The first 1,000 lines are the hardest. After that, you're just adding features to something that already works.
The lexer
The lexer (tokenizer) is the simplest phase: turn a stream of characters into a stream of tokens. Lateralus's lexer is 400 lines of Lateralus:
enum Token {
// Literals
IntLit(i64),
StringLit(String),
// Keywords
Let, Fn, Match, If, Else, Return,
// Operators
Pipe, // |>
PipeError, // |?>
Arrow, // ->
FatArrow, // =>
// Delimiters
LParen, RParen, LBrace, RBrace, LBracket, RBracket,
// Identifiers
Ident(String),
}
fn tokenize(source: String) -> Vec<Token> {
let chars = source.chars() |> peekable()
let tokens = []
while chars.has_next() {
match chars.peek() {
' ' | '
' | ' ' => chars.next(), // Skip whitespace
'/' if chars.peek_at(1) == '/' => skip_line_comment(chars),
'|' if chars.peek_at(1) == '>' => { chars.advance(2); tokens.push(Pipe) },
'0'..'9' => tokens.push(read_number(chars)),
'"' => tokens.push(read_string(chars)),
c if c.is_alphabetic() => tokens.push(read_ident_or_keyword(chars)),
c => tokens.push(read_symbol(chars)),
}
}
tokens
}
The parser
The parser turns tokens into an AST (Abstract Syntax Tree). We use a recursive descent parser — each grammar rule is a function:
fn parse_pipeline(tokens: &mut TokenStream) -> Expr {
let mut expr = parse_primary(tokens)
while tokens.peek() == Pipe {
tokens.consume(Pipe)
let func = parse_call(tokens)
expr = PipeExpr { input: expr, function: func }
}
expr
}
fn parse_match(tokens: &mut TokenStream) -> Expr {
tokens.consume(Match)
let scrutinee = parse_expr(tokens)
tokens.consume(LBrace)
let arms = []
while tokens.peek() != RBrace {
let pattern = parse_pattern(tokens)
tokens.consume(FatArrow)
let body = parse_expr(tokens)
arms.push(MatchArm { pattern, body })
tokens.consume_optional(Comma)
}
tokens.consume(RBrace)
MatchExpr { scrutinee, arms }
}
Recursive descent is the parser technique most professional compilers use (GCC, Clang, Rust, Go). It's predictable, debuggable, and produces excellent error messages because each function knows the grammatical context.
Type checking
The type checker walks the AST and annotates every node with its type. Lateralus uses Hindley-Milner type inference, which means you rarely write type annotations:
// The compiler infers all types here:
let data = [1, 2, 3] // Vec<Int>
let doubled = data |> map(|x| x * 2) // Vec<Int>
let text = doubled |> map(to_string) // Vec<String>
let result = text |> join(", ") // String
// Type inference across function boundaries:
fn process(items) { // items: Vec<T> (inferred from usage)
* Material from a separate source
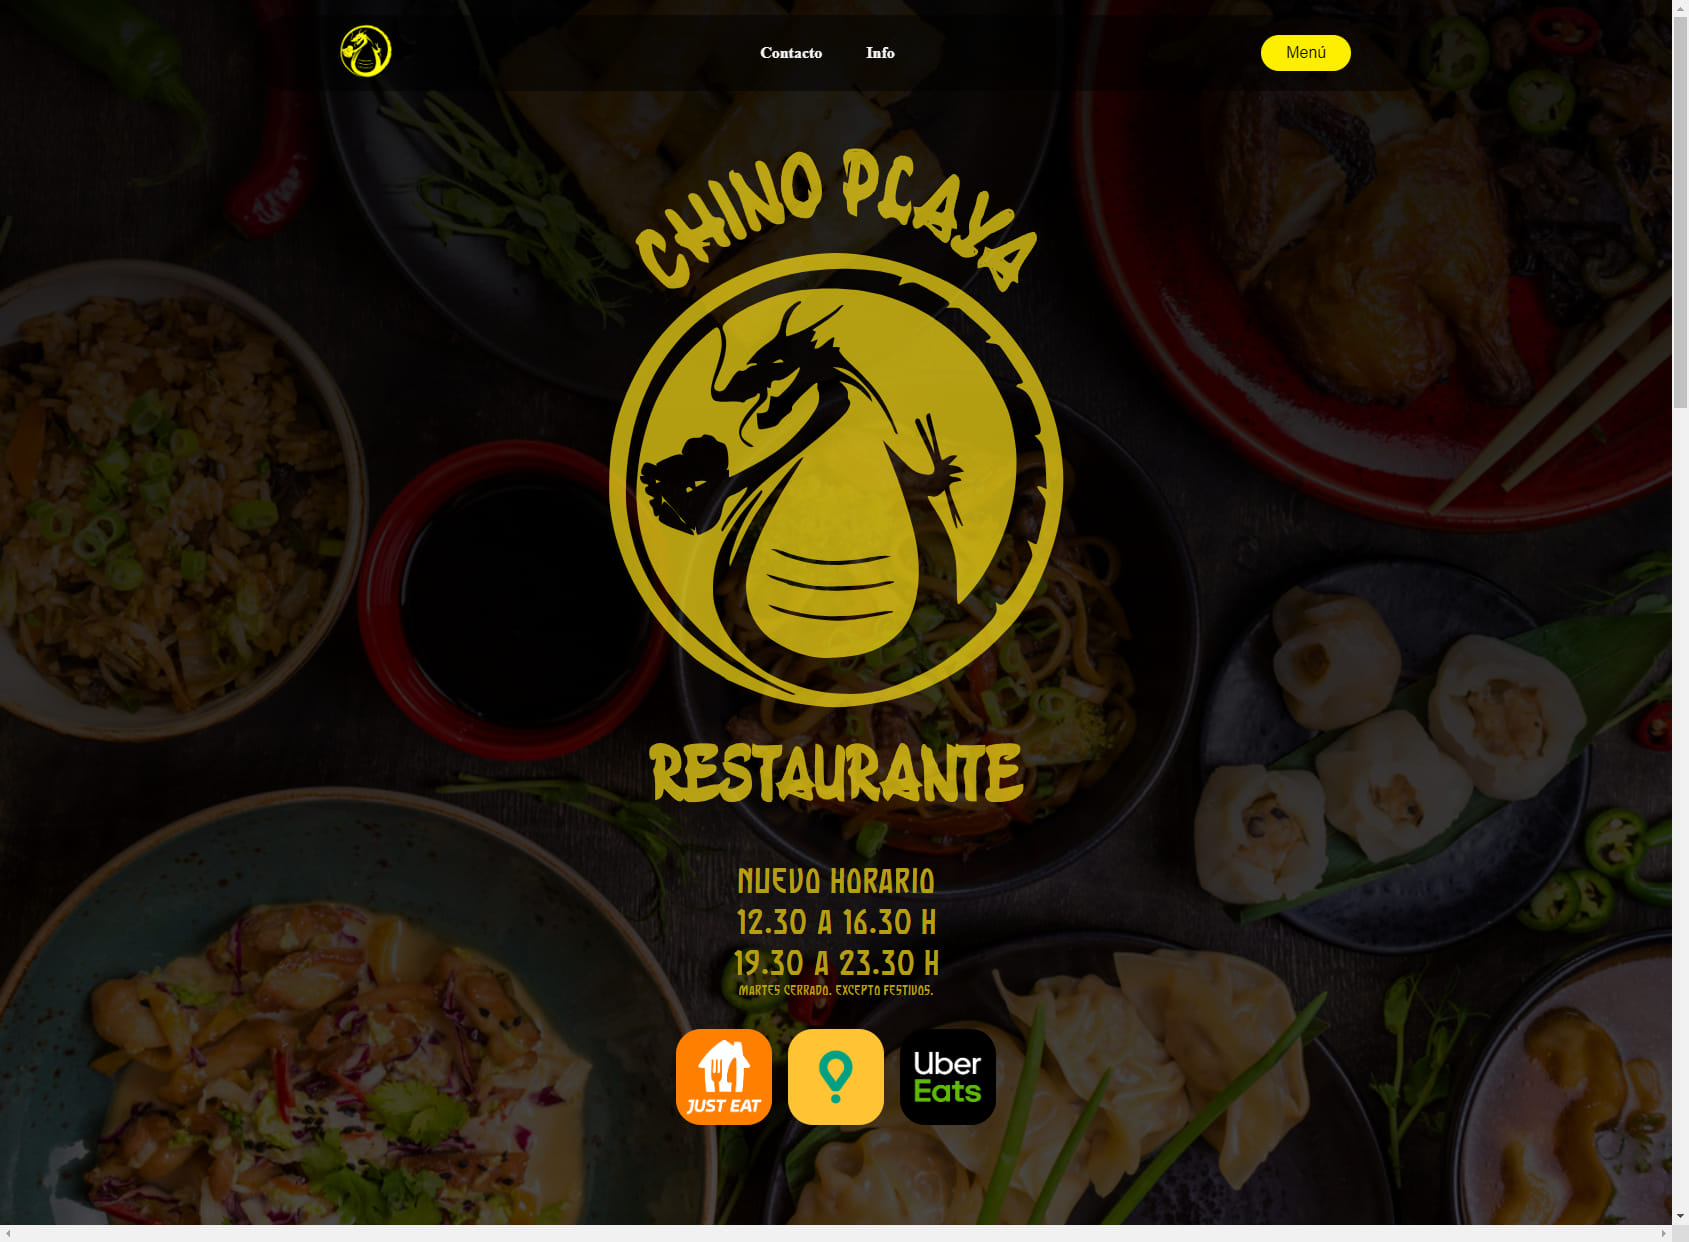 Restaurante Chino Playa

items |> filter(|i| i > 0) // Constrains T to numeric types
|> sum() // Returns T
}
Self-hosting milestone
The original compiler was written in Python (3,000 lines). The first self-hosted compiler was a direct port to Lateralus (2,400 lines — Lateralus is more concise). The bootstrap process:
- Stage 0 — Python compiler compiles Lateralus compiler source to C99
- Stage 1 — GCC compiles the C99 to a native binary (the stage-1 compiler)
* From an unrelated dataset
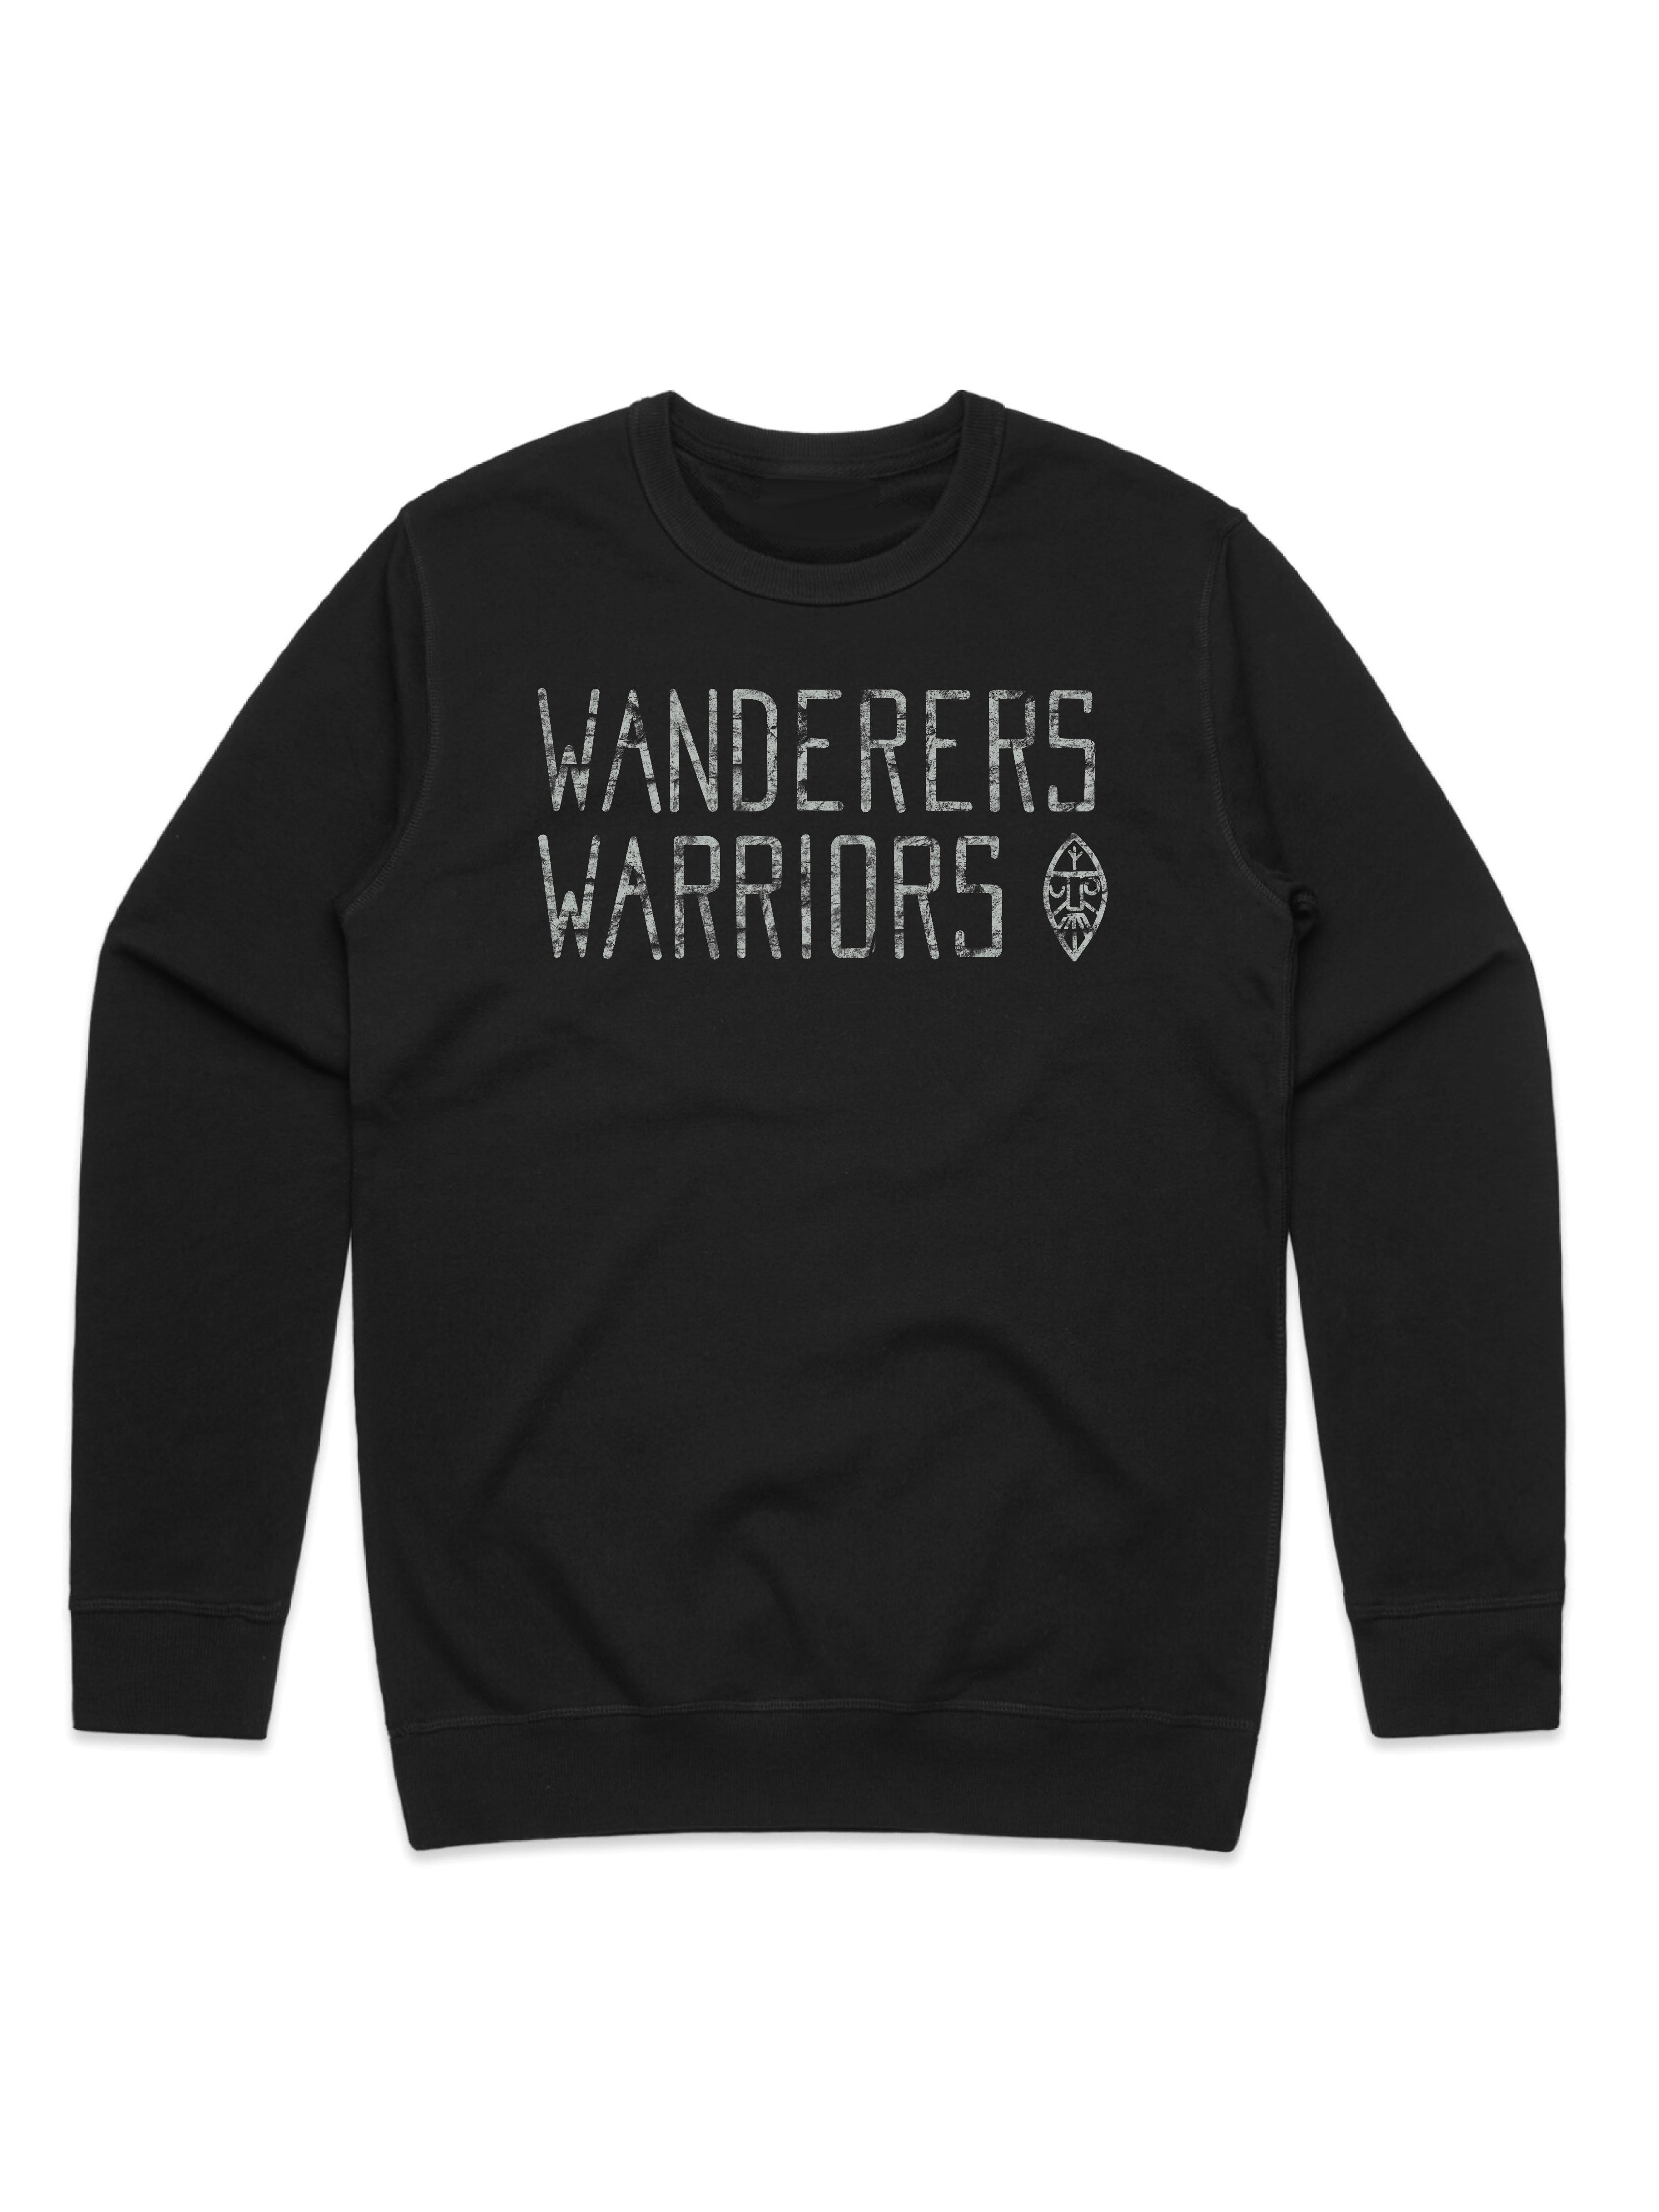 Herra: Wanderers & Warriors

- Stage 2 — Stage-1 compiler compiles its own source code to C99, then to native binary
- Stage 3 — Stage-2 compiler compiles its own source. The output must be bit-identical to Stage 2.
Stage 2 = Stage 3 confirms the compiler correctly compiles itself. This is the gold standard for compiler correctness, used by GCC, Clang, and Rust.